The number of contributors to the system can be increased by focusing efforts on creating more growth and employment and by encouraging people to work. In 2016, the unemployment rate stood at 19.6%, much higher than the EU-28 average (8.5%). An unemployment rate close to the EU-28 average would therefore help to bring Social Security’s current deficit down and almost balance the budget. But in the medium term, if the decline in the replacement rate is to be minimised, we must employ measures that go beyond improving the labour market. Especially as the projected ageing of the population will increase the number of pensioners in relation to the number of workers, as explained in the article «Pension reform: an unavoidable debate» in this Dossier.3
It is therefore useful to explore the other mechanism to boost revenue, namely by increasing the contribution per worker. This can be done in several ways: by raising the tax rate, eliminating wage-based ceilings for contributions or limiting the use of tax breaks and exemptions for specific groups with employability problems. But all these measures are controversial to some extent. The main drawback, and this applies to all of them, is that an increase in revenue via Social Security contributions pushes up labour costs, making Spanish companies less competitive and potentially harming employment.
Given the limited scope to act on Social Security contributions and its associated problems, to what extent can part of pensions be funded via taxes? Insofar as certain pensions currently financed via Social Security contributions act more like a safety net, it would not be unreasonable to include them within non-contributory pensions, funded via taxes. The contributory pension could then be limited to retirement pensions, which currently account for 71% of all contributory pension expenditure, and the money for the rest of the pensions (essentially for widows, widowers and orphans) would come from the central government budget. This would cut Social Security’s current burden of expenditure by approximately EUR 20 billion.
But we must realise that merely taking the money from one budget or another will not resolve the underlying problem. To finance pensions, fiscal pressure will have to be increased or other expenditure reduced in the central government budget.
There are several different ways this can be achieved. For instance, via tax reform that widens taxable bases by eliminating tax breaks and exemptions. Revenue could also be increased by making a greater effort to minimise the black economy, estimated in Spain at around 18.5% of GDP,4 much larger than in Germany (13.3%), France (10.8%) or the UK (9.6%). Reducing Spain’s black economy to Germany’s level would augment state coffers by EUR 17-20 billion, a similar figure to the current Social Security deficit.

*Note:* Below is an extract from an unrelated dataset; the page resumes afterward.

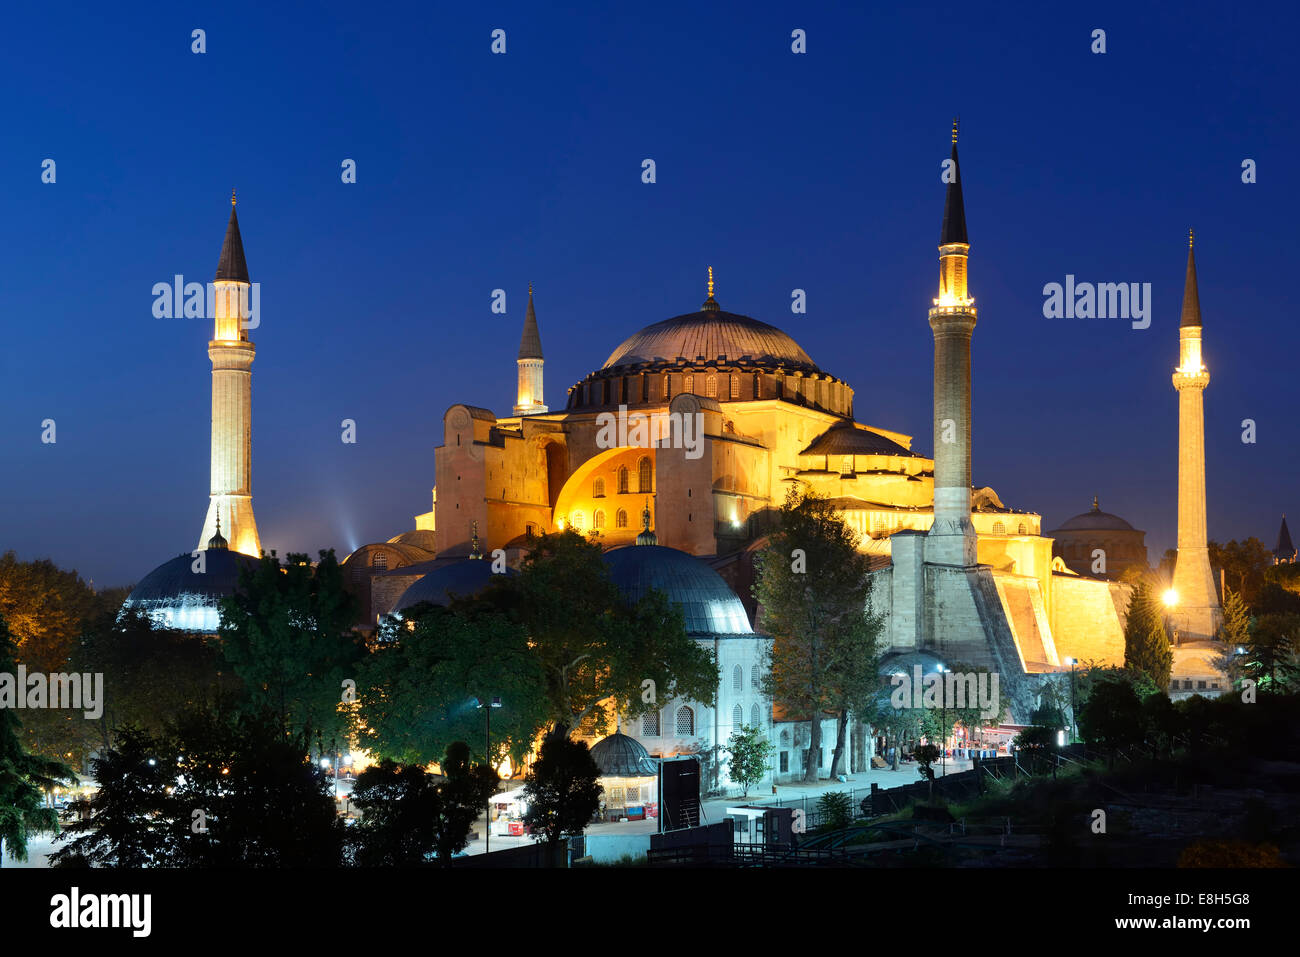 Turkey, Istanbul, Hagia Sofia at night Stock Photo

In short, although there is no magic wand to improve the funding of pensions, there is considerable scope for action. It is vital to evaluate the different options in order to choose the best path.
Macroeconomics Unit, Strategic Planning and Research Department, CaixaBank
1. People in a specific situation of need and who lack sufficient resources to survive are entitled to non-contributory pensions for disability and retirement. These are not related to Social Security contributions.
2. The replacement rate is defined as the percentage of income received in retirement in relation to the prior income when working.
3. See also the Dossier «The demographic challenge» in MR10/2015.
4. Data from 2014. See Schneider, F., Raczkowski, K. and Mróz, B. (2015), «Shadow economy and tax evasion in the EU», Journal of Money Laundering Control.